Marsali’s book club reads Lewis Carroll’s two Alice books. Carroll’s Alice survives her adventures, but the women readers suspect their local Alice is dead. Do you want to tell us anything about the resolution of the missing woman mystery?
I don’t think it would be proper for me to comment on the resolution, except to say that the mystery is solved, and the solution is, in accordance with the rest of the narrative, bleak and ugly.
As for the reading of the Alice books – well, there is overall sense in Field of Poppies that the real world is a wild and unreliable place of insanity and danger. The Alice books dramatise this very idea. They are funny, but they are also dreadful. Field of Poppies intends to be just that – it takes a satirical slant on life today, while stating quite clearly that the world is in terrible trouble, and that people are not conscious enough of the urgency of the danger, the imminence of the catastrophe. Dream is a motif of the novel, with poppies frequently fluttering in the wind. The crimes of the plot (robbery, murder, destruction of the village) are local and ‘domestic’, while larger crimes such as mining and wars and so on are seen to be progressively destroying the planet.

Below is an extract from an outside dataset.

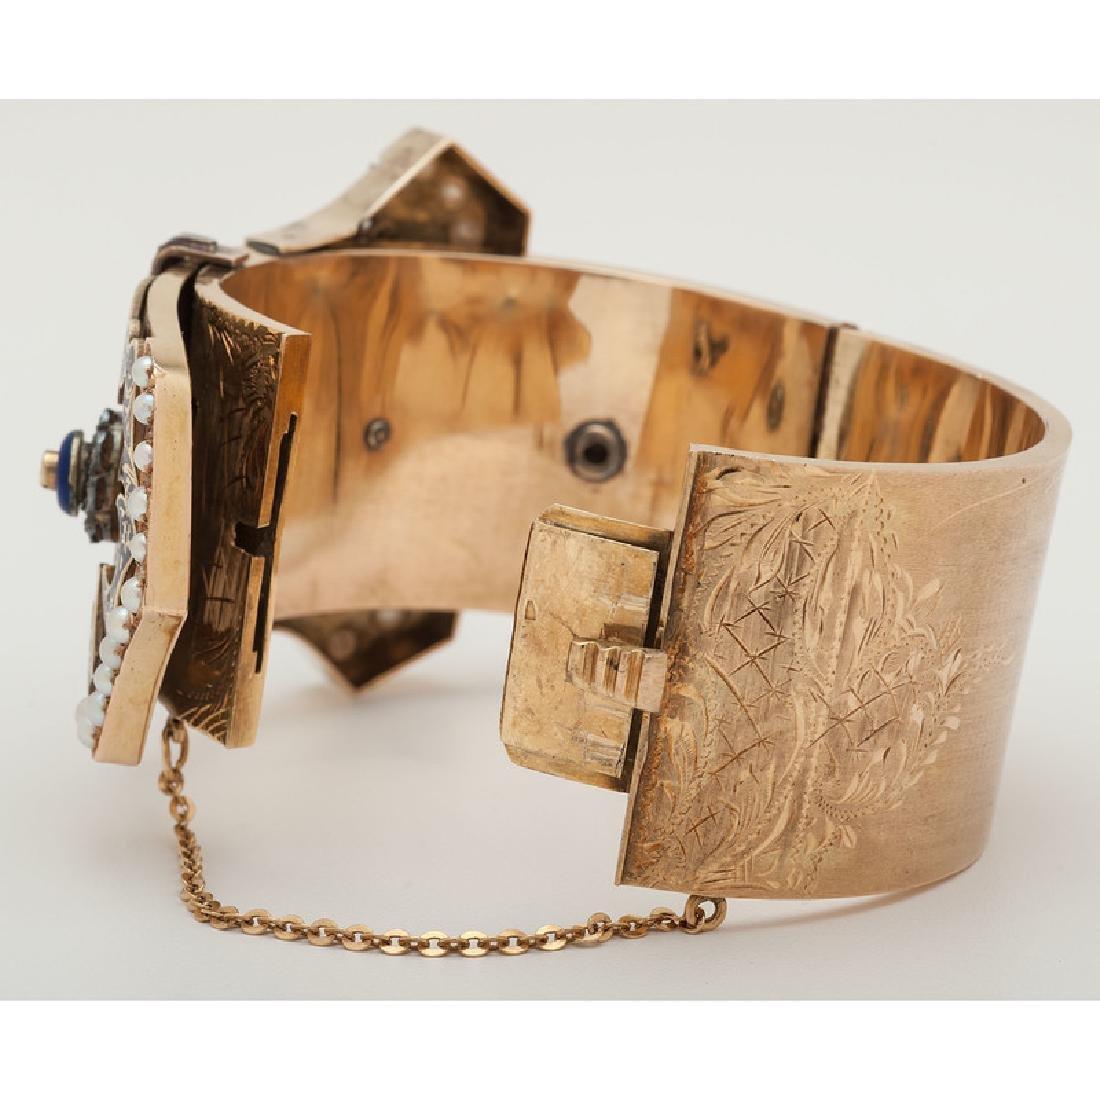 14 Karat Yellow Gold Buckle Bracelet - 5

Yes, there are the truly big issues, which we might call existential catastrophes or ‘crimes against humanity and environment’.
Yes, I have prefaced the novel with a wild list of some of these issues. They are the background to the events that happen in Muckleton. The intention is to suggest that human beings, even good, pleasant human beings such as Marsali and William (interior designer and doctor), are not innocent bystanders. (At this point a reader could well turn to the first epigraph to the novel.) William knows a vast amount about how the world works, but it is not enough.
If the dead body of Alice Dooley was possibly thrown off a cliff in the wilds of MacGillycuddy’s Reeks, then the reality of eternal darkness is probably rushing towards human life. The small crimes are maybe just examples and warnings – perhaps the spirit of the universe is saying ‘Danger – Take Care – Cliff Edge’. A butterfly goes extinct in the course of the narrative. And you know what they used to say about a butterfly in New Mexico flapping its wings and causing a tornado in China.
Thanks for your responses, Carmel.
Robyn, it was really exciting for me to explore the text with you for Sisters in Crime.
*Robert Drewe commented: “How to describe Field of Poppies? A lush feast of wit and wisdom? Writing so rich you simply want to devour it? A forensic examination of an Australian country town? Literary tour de force will have to do.”